What Can We Learn From The Selective Prediction And Uncertainty Estimation Performance Of 523 Imagenet Classifiers

When deployed for risk-sensitive tasks, deep neural networks must include an uncertainty estimation mechanism. Here we examine the relationship between deep architectures and their respective training regimes, with their corresponding selective prediction and uncertainty estimation performance. We consider some of the most popular estimation performance metrics previously proposed including AUROC, ECE, AURC as well as coverage for selective accuracy constraint.
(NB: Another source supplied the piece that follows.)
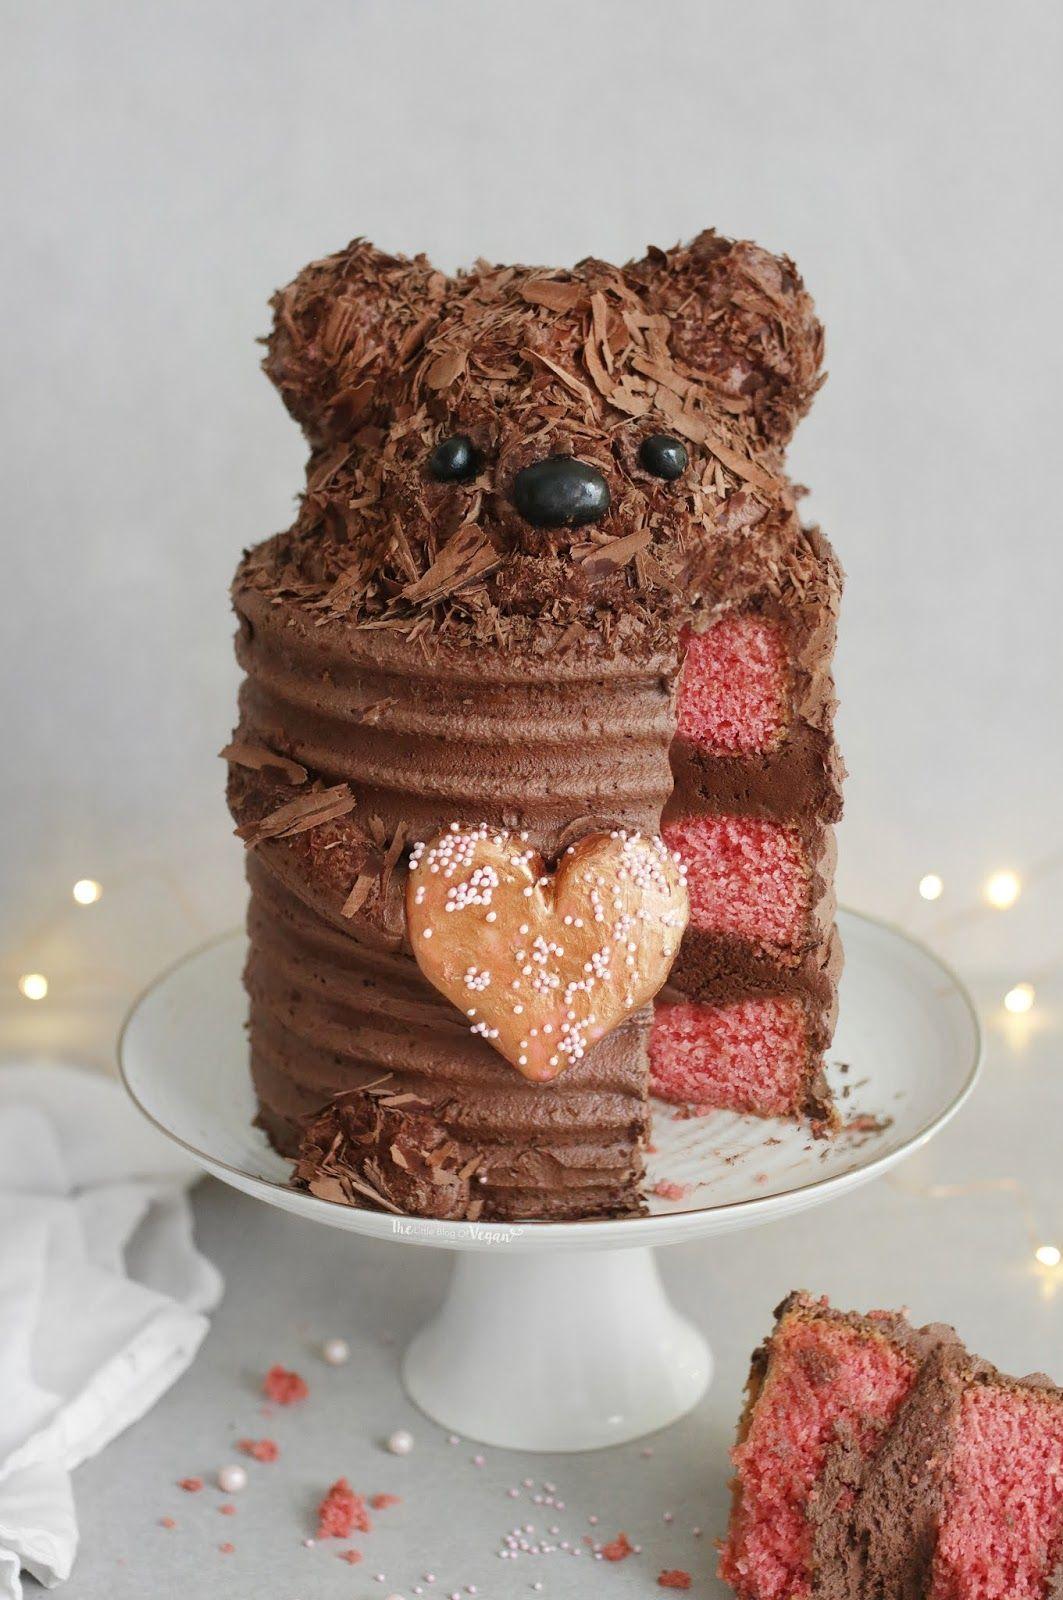 Chocolate bear cake recipe

We present a novel and comprehensive study of selective prediction and the uncertainty estimation performance of 523 existing pretrained deep ImageNet classifiers that are available in popular repositories. We identify numerous and previously unknown factors that affect uncertainty estimation and examine the relationships between the different metrics. We find that distillation-based training regimes consistently yield better uncertainty estimations than other training schemes such as vanilla training, pretraining on a larger dataset and adversarial training. Moreover, we find a subset of ViT models that outperform any other models in terms of uncertainty estimation performance. For example, we discovered an unprecedented 99% top-1 selective accuracy on ImageNet at 47% coverage (and 95% top-1 accuracy at 80%) for a ViT model, whereas a competing EfficientNet-V2-XL cannot obtain these accuracy constraints at any level of coverage. Our companion paper, also published in ICLR 2023 (A framework for benchmarking class-out-of-distribution detection and its application to ImageNet), examines the performance of these classifiers in a class-out-of-distribution setting.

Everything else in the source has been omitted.